Luckily, the USA Today reader discovers, retail sales rose in May (0.5 percent from April). But — here comes the bad news — so did gas prices, which accounted for much of the rise. May retail sales remained almost 10% percent lower than last year.
The labor market — another wonderful euphemism — remained weak with wages “flat or falling.” The Fed’s report also stressed that commercial real estate was in crisis; in much of the United States vacancy rates continued high and rising. So where are the dispossessed living?
Deutsche Bank, reported the NY Times, offered a new report on residential real estate in which its experts predict a sharp drop in home prices in metropolitan New York City (Westchester, northern New Jersey and other nearby areas). The German Bank foresees a fall of 40% from March prices. More numbers!
The New York resident who just received notice that his work week had been reduced cannot afford to pay inflated home prices (which peaked in the second quarter of 2007 at $552,000); nor can he rent at current prices. What will he or she do?
In Chicago, sales fell, manufacturing and capital spending declined. Dallas business was “bouncing along the bottom.” St. Louis area manufacturers announced shutdowns and permanent layoffs.
The Obama administration’s recovery means the gross domestic product must rise by 1-2 percent later this year or early in 2010. If this happens, workers will not necessarily recover jobs or wages.
The jobless rate might hit 10% percent by Christmas 2009 and the Wall Street Journal’s experts foresee the possibility of one million more jobs disappearing by summer 2010.
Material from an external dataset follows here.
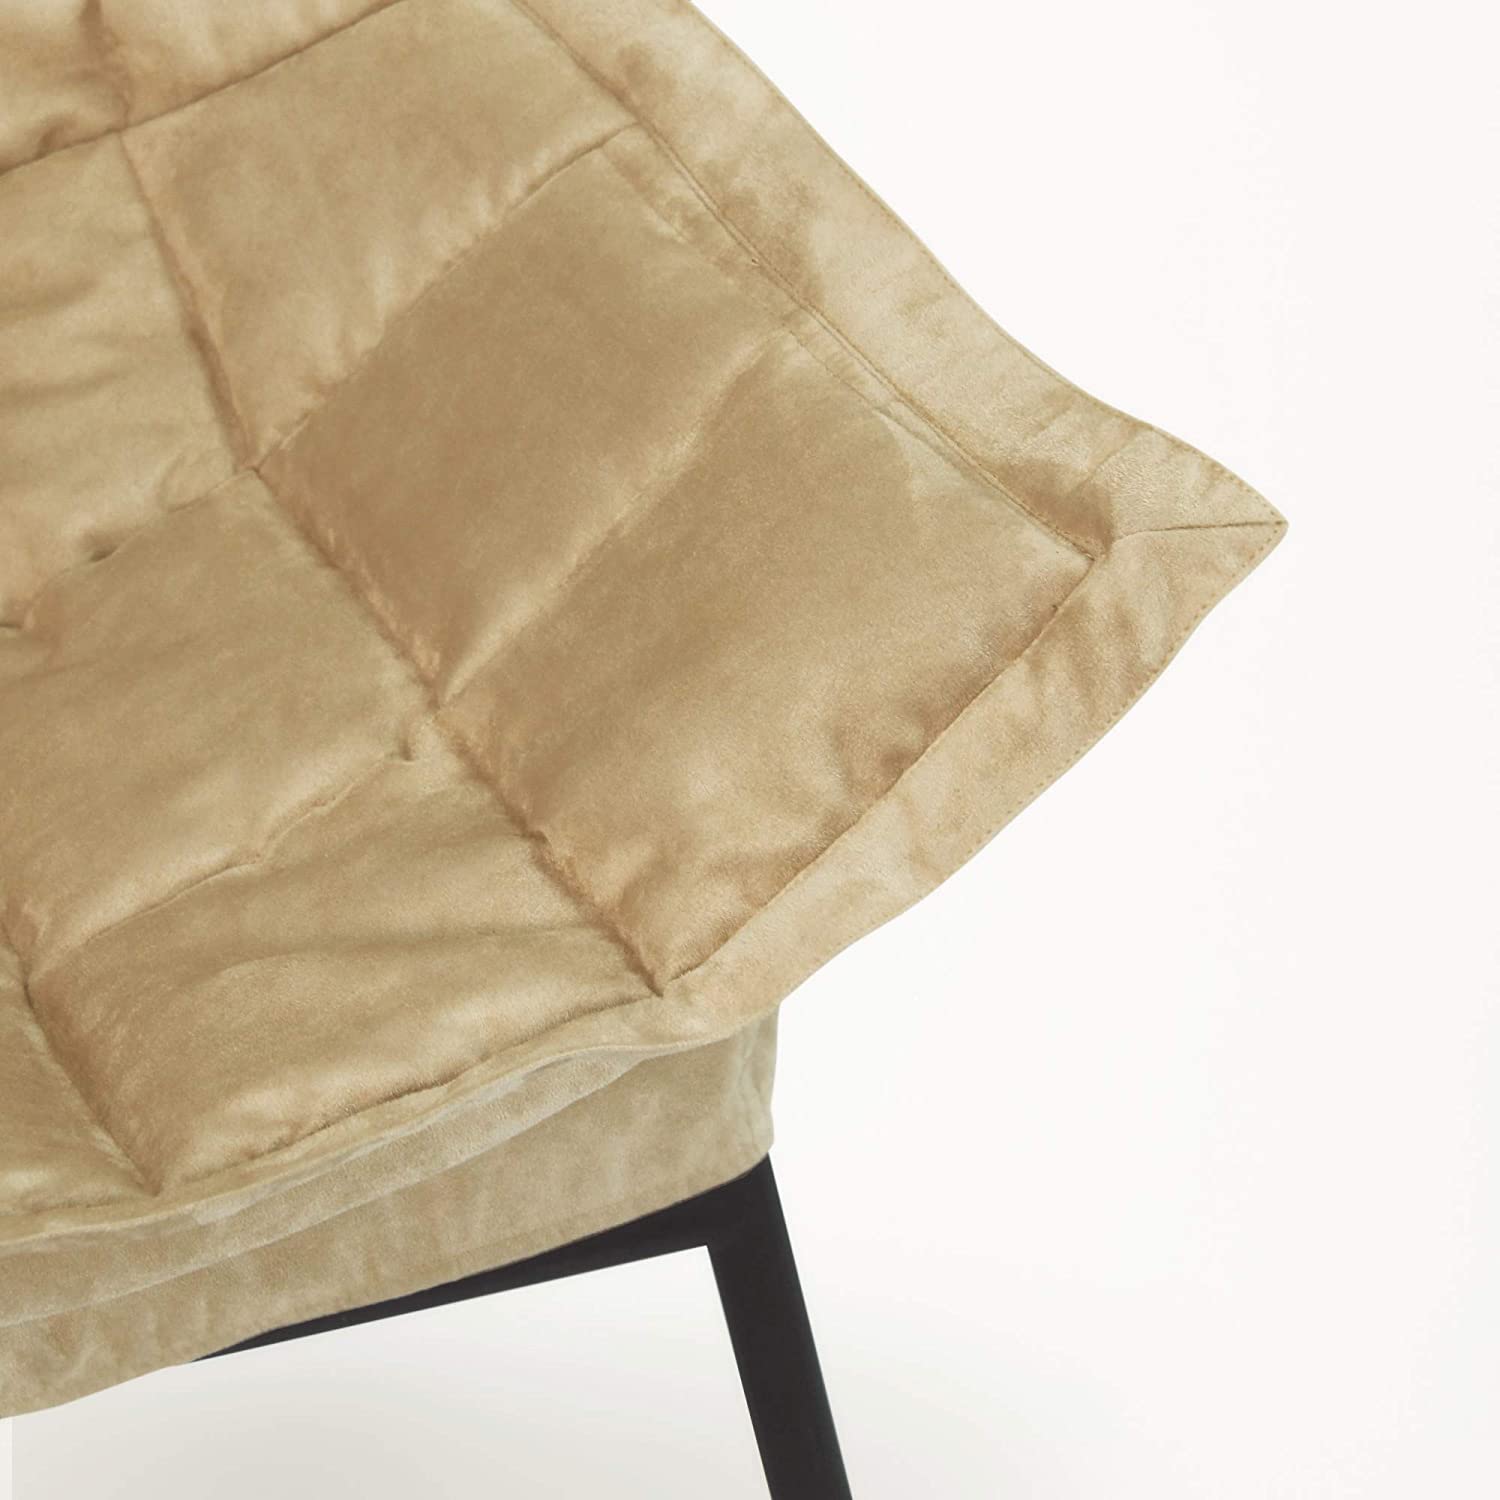 Casual Home Milano Chair with Black Metal Frame and Microsuede Outer Cover, Tan

In such a climate, Americans should at least compare the two habits. The NY Times presents new cars offered by great companies that manufacture them to “Mexican drug cartels” who “pushed heroin sales beyond major cities into America’s suburban and rural byways.” As Fiat buys Chrysler, the Times reports disparagingly about how Mexican cartels, “the greatest organized crime threat in the United States,” are “taking over heroin distribution from Colombians and Dominicans.” As car sales fall, the cartels are “making new inroads across the country.”
The bad habit bears, however, introduced a new product into the heartland of the country that is selling like proverbial hotcakes. Heroin, peddled by “illegal immigrants,” killed Dana Smith, of Grove City, Ohio. Her two brothers are also addicted. The story elicited pity for the mother and blames those immigrants who sell dime bags on small town streets because they lost their jobs and couldn’t get new ones. It didn’t report how doctors and pharmacists make available similar, albeit legal, items to people who need sleep, euphoria, more energy — escape from reality.
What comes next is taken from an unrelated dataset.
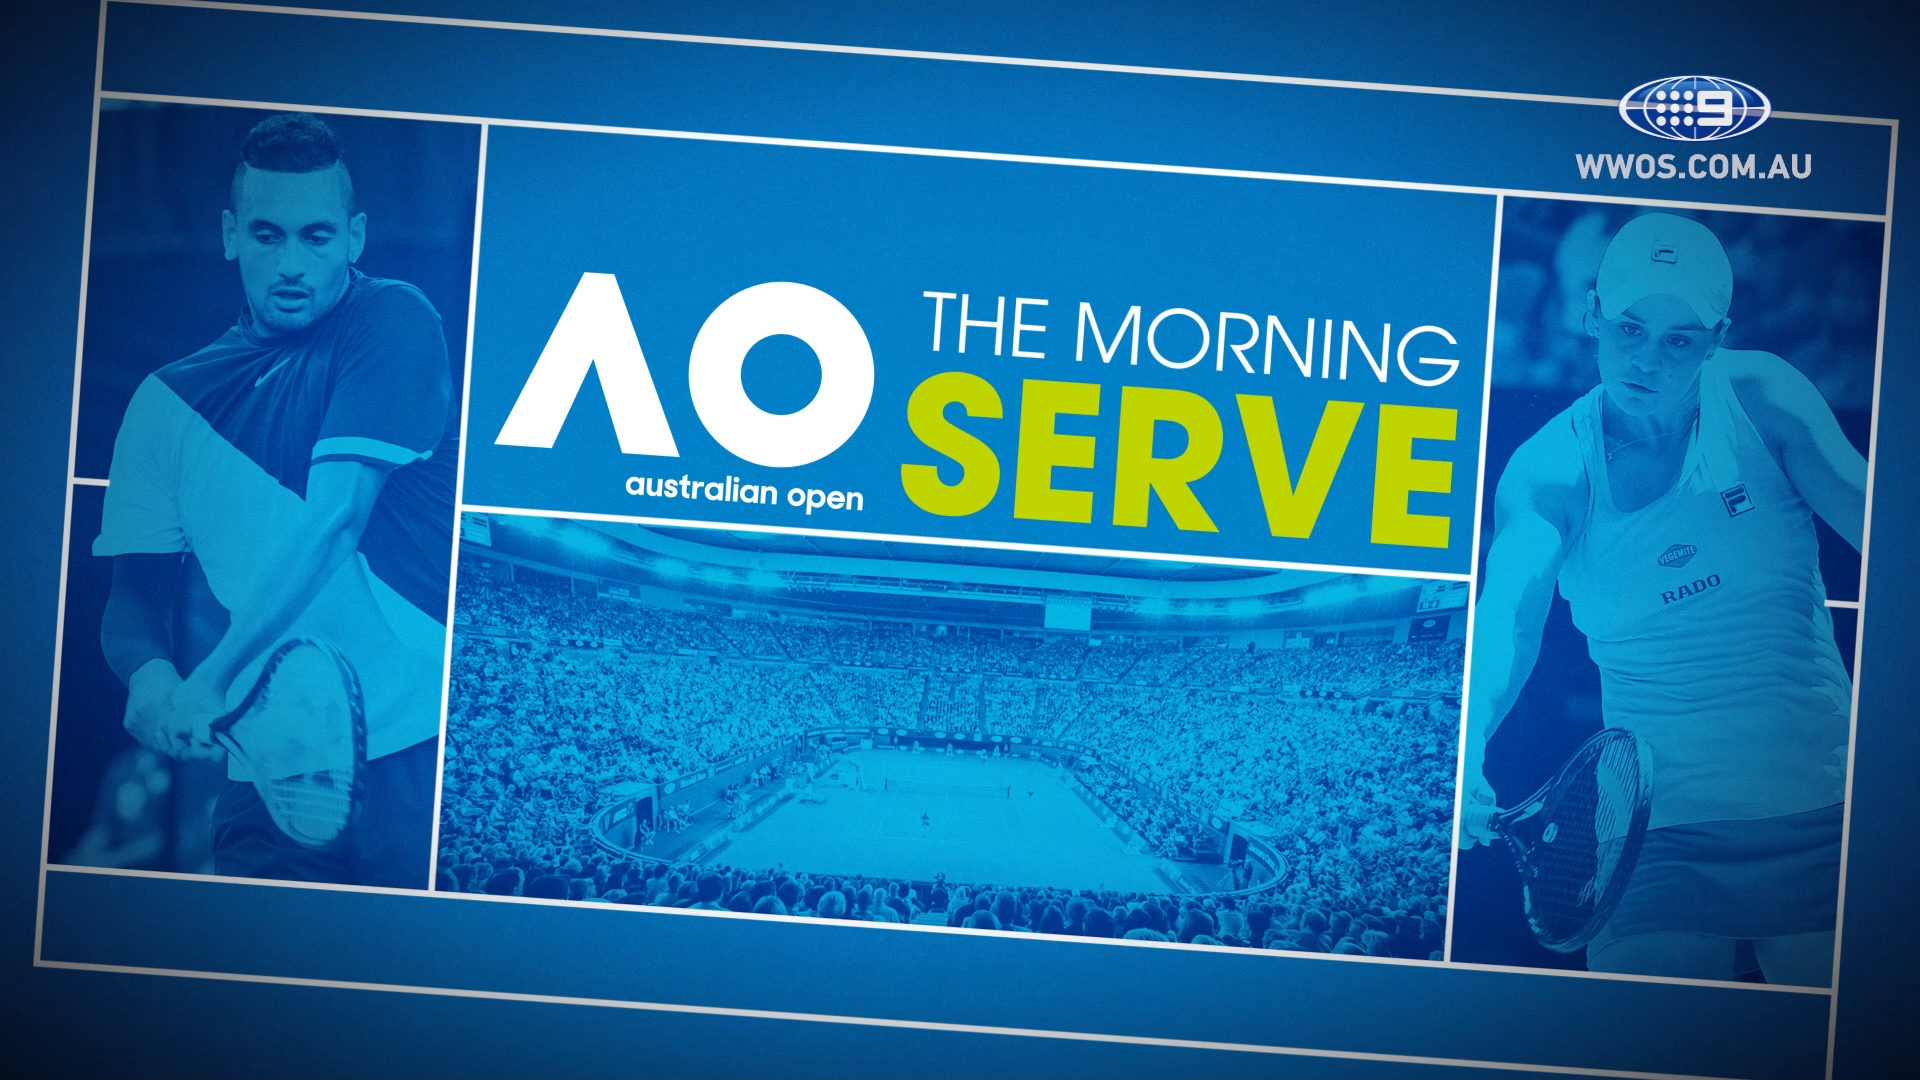 Barty's Open to win? - The Morning Serve Day 3

Nor did the Times compare the effects of each habit. 1999 statistics show some 43,000 people died in auto accidents compared to 19,000 who perished from drug abuse (not only heroin). (http://www.wrongdiagnosis.com/lists/deaths.htm)
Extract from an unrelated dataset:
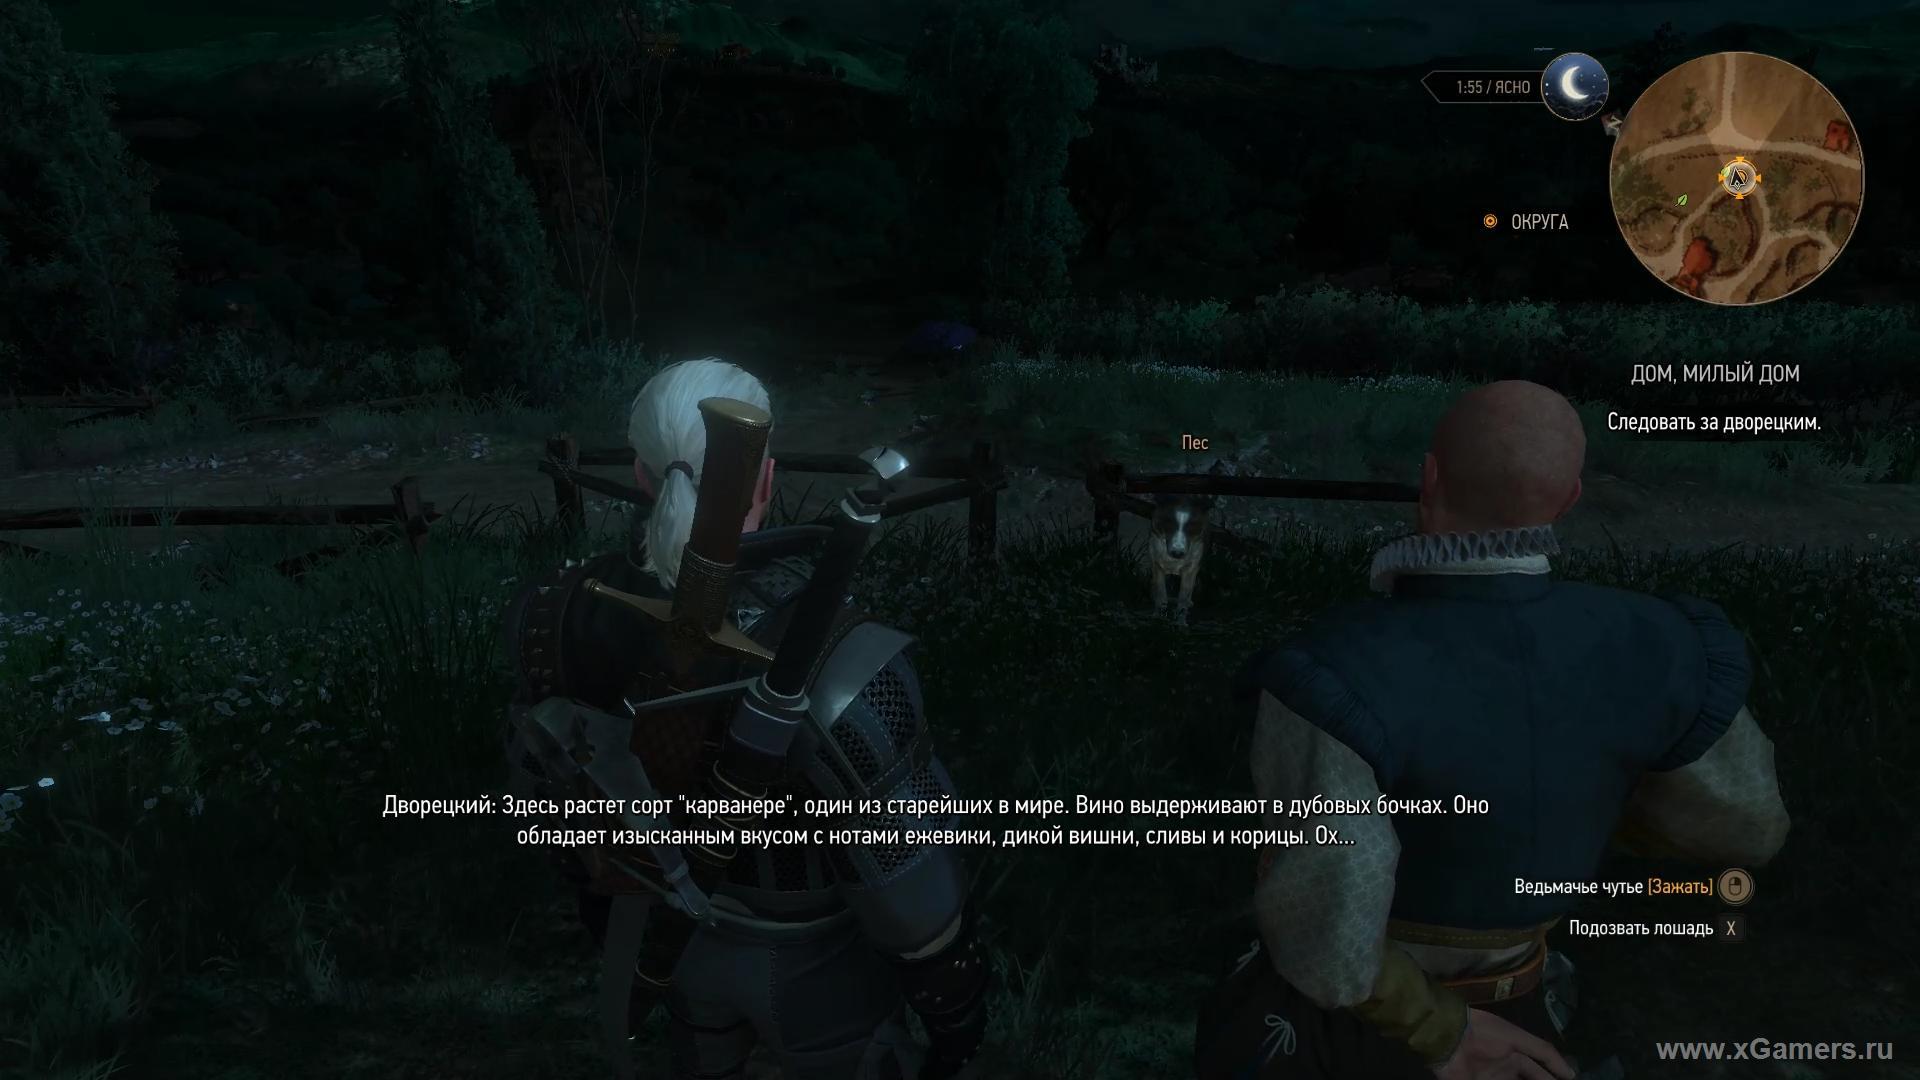 sympatisk pumpe gammelklog The Witcher 3 Corvo Bianco: Review, Construction and Trophies

The UN reported global drug business grossing $320 billion annually, the 21st largest economy — after Sweden. Some 200,000 die each year as a result of the illegal drug trade; five million die from tobacco and 2.5 million from alcohol.
Lousy habits — all of them. But the Times doesn’t ask: why should the premises of our society provoke so many destructive habits? Instead, like a stenographer, it reports industry’s attempt to extol the virtues of one bad habit, while morally demeaning another one that causes less death and environmental destruction.
Bad times can encourage worse habits. Addiction to drugs — or alcohol — produces disastrous results. But this should not become a reason to try to re-hook people on cars, as our environment warns us to make drastic changes in just such a habit.